The statutes of a company govern the functioning of the company and indicate the purpose of the company, the rights and obligations of its members and directors, and how the company as a whole should function. It goes without saying that a joint venture will only have a status if it is a company and the statutes complement the provisions of the joint enterprise contract. This is the latest in our series that looks at joint ventures in the energy and natural resources field. Prior to that, we examined the legal mechanisms available to the parties to end a joint venture in a dead end. This article continues this issue by examining the main causes of dismissal and listing the top ten issues to consider in determining whether a joint venture should be terminated. When drafting a revocation clause that provides for the possibility of selling shares to third parties, pre-emption rights may be applied to the transfer of shares. The right of pre-emption gives the shareholders of the company the right to be offered the transfer shares before they are offered to a third party who is not yet a shareholder of the company. Pre-emption rights are generally included in the company`s statutes. The third party who acquires the shares of the joint venture is generally required to enter into a shareholders` agreement or an agreement to respect an existing shareholders` agreement which implies that the third party agrees to respect the terms of the joint venture agreement. A statement of intent or Terms can be used to outline the essential points of joint venture plans before the exact text of the joint venture agreement is final.

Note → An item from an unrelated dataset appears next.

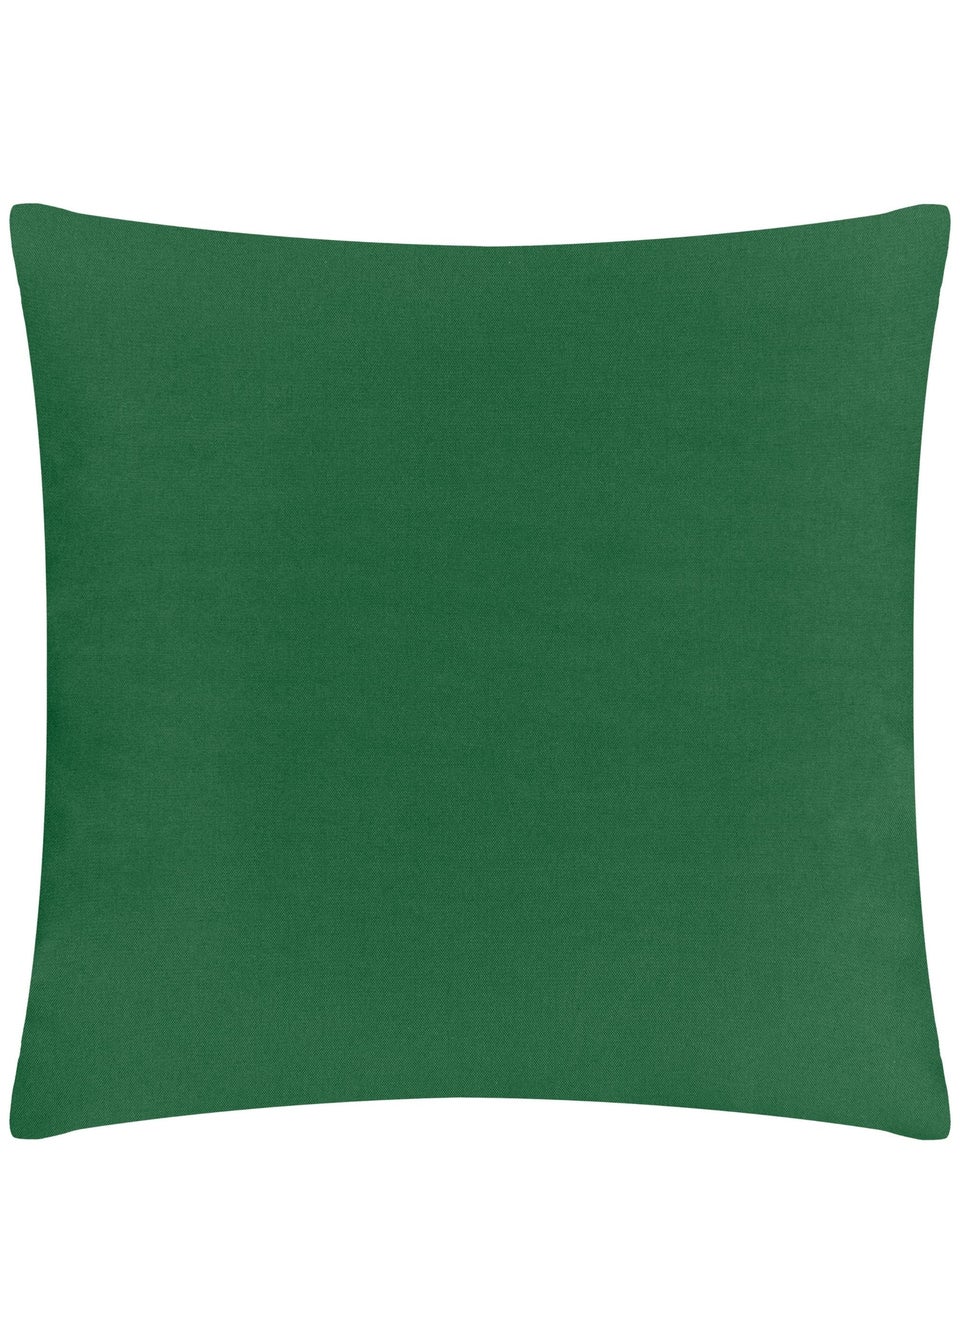 furn. Teal Marula Filled Outdoor Cushions (43cm x 43cm x 8cm)

The Director General therefore defines the essential conditions agreed between the parties and reflects the expectations and intentions of the joint venture. Two or more organizations typically enter into a cooperation agreement that collaborates to improve their existing technologies or pool resources. The agreement generally defines the responsibilities, roles and rights of the parties, while managing the entire project. The main difference between a joint venture and a cooperation is that a joint venture can create its own legal entity when cooperation is not possible. It is possible to terminate a joint venture due to a failure. A well-developed joint venture agreement (“JVA”) specifies the obligations of the parties to the joint venture and clearly and clearly expresses the circumstances or events that constitute a “late payment event”. Failure scenarios are common: (i) bankruptcy of one party (or possibly its parent company), (ii) material or persistent violation of the AIC, iii) change of control of a joint venture (particularly if the party acquiring control is a competitor to the other joint venture) or iv) an attempt to transfer the shares of a party in the joint venture that does not correspond to the JVA. 1. Do you always have an exit clause that you can use or a means of control: with regard to the legal language of the boiler platform, almost all joint venture agreements include the reciprocal agreement of termination, liquidation, liquidation, etc. by decision of the board of directors or shareholder. It is also true that a unilateral exit is almost always possible by mutual agreement (i.e. where the parties can agree on terms for the purchase/sale of shares).
The problem is that “reciprocal” decisions are often difficult to obtain, especially since a hard-fought relationship is at the root of the discussion. We firmly believe that dealmakers must consider all the possibilities that a potential joint venture could go wrong and try to protect itself from the worst results with levers that the company can pull unilaterally.